Example inputs & expectations
- summarize_date:
```
sample_scored_data = pd.DataFrame({
  'subreddit': ['test1','test1','test2','test2'],
  'sentiment': [0.8,0.6,0.4,0.2],
  'score': [10,20,30,40],
  …
})
```
  – Expect two summary rows:
  - test1: mean_sentiment≈0.7, count=2, total_score=30, weighted_sentiment≈0.6667
  - test2: mean_sentiment≈0.3, count=2, total_score=70, weighted_sentiment≈0.2857
- update_summary: merges an initial 2‑row file for 2025-04-19 with a new 2‑row file for 2025-04-20, ending with 4 total rows.
- CLI invalid date: main('2025-04-20-invalid') → ValueError("Invalid date format").
- Missing scored file: patched hf_hub_download raises → ValueError("Failed to download scored file…").

`test_score.py`

Class & functions under test
- RedditScorer.score_date(date) — downloads input parquet, asserts required columns (text, score, post_id, subreddit), splits into batches, calls replicate_client.run(), injects sentiment & confidence, writes parquet, then calls hf_api.upload_file().
- CLI main(date) — reads .env or streamlit.secrets, requires REPLICATE_API_TOKEN, else raises.
Patching & mocking
- hf_hub_download patched to return a temp parquet for the “input” DataFrame.
- mock_hf_api supplying a stubbed upload_file method.
- mock_replicate_client.run side‑effect that:
```
texts = json.loads(input['texts'])
sentiments = ['positive' if i%2==0 else 'negative' for i in range(len(texts))]
confidences = [0.9 if i%2==0 else 0.8 for i in range(len(texts))]
```
- reddit_analysis.config_utils.HAS_STREAMLIT + streamlit.secrets.get(...) for the CLI missing‑token test.
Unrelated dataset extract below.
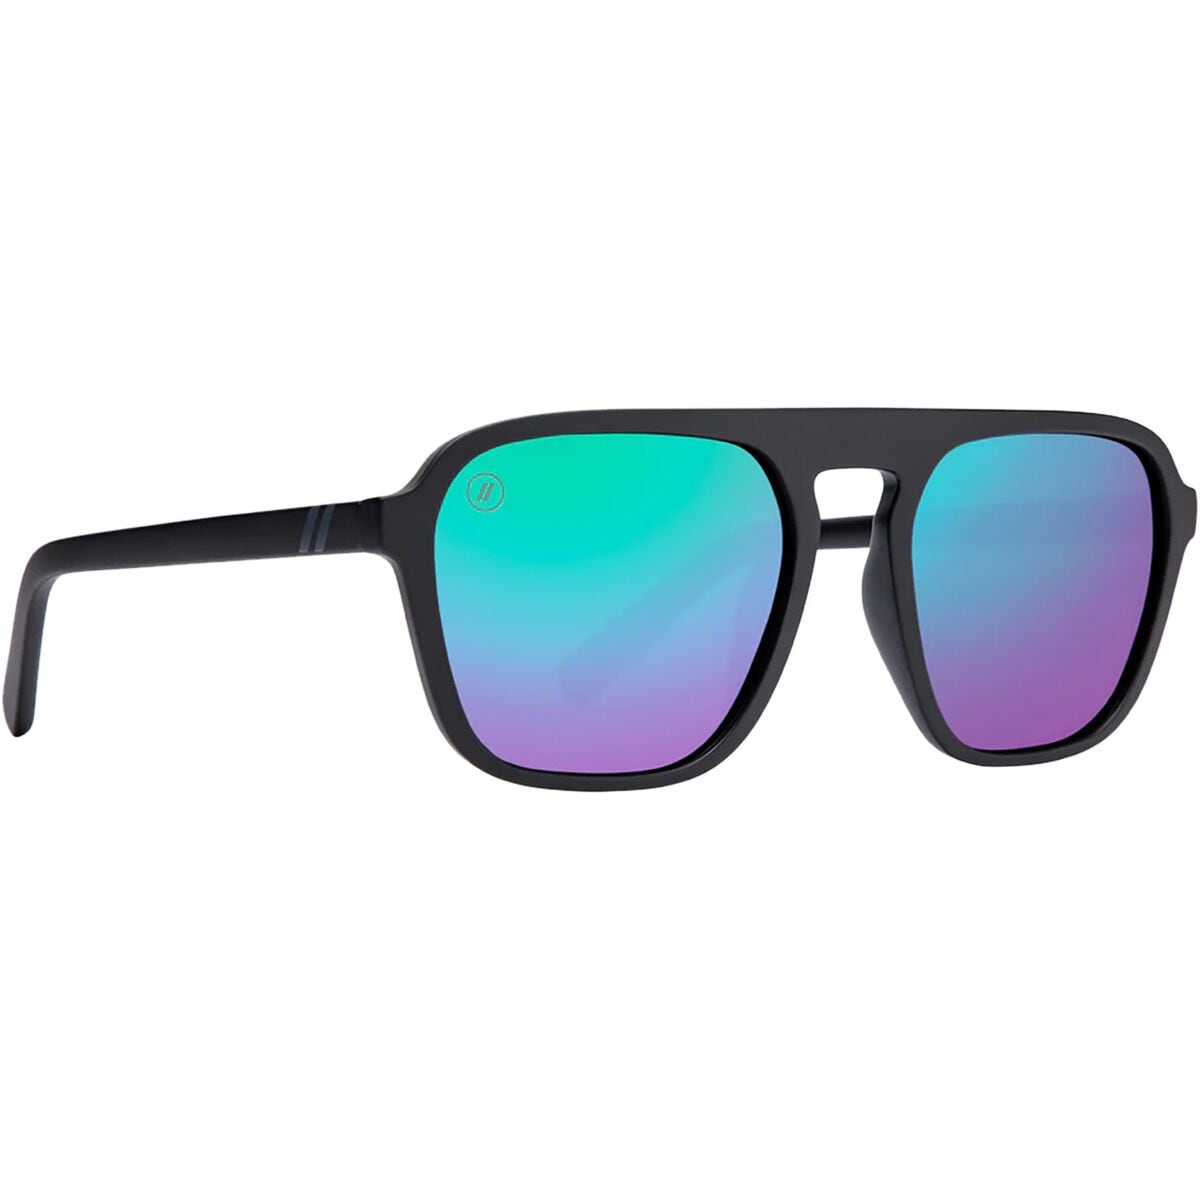 Поляризованные солнцезащитные очки meister Blenders Eyewear, цвет mister romance gradient

Example inputs & expectations
- test_score_date: input DataFrame with two rows ('Test text 1', 'Test text 2'), expects uploaded parquet to have sentiment=['positive','negative'], confidence=[0.9,0.8] and all six columns present.
- test_score_date_missing_columns: input missing post_id/subreddit → ValueError("missing expected columns").
- test_score_date_batch_processing: input of 5 texts, batch_size=2 → replicate_client.run called 3 times, final uploaded file contains all 5 rows.
- test_cli_missing_token: no REPLICATE_API_TOKEN in env or secrets → ValueError("REPLICATE_API_TOKEN is required for scoring").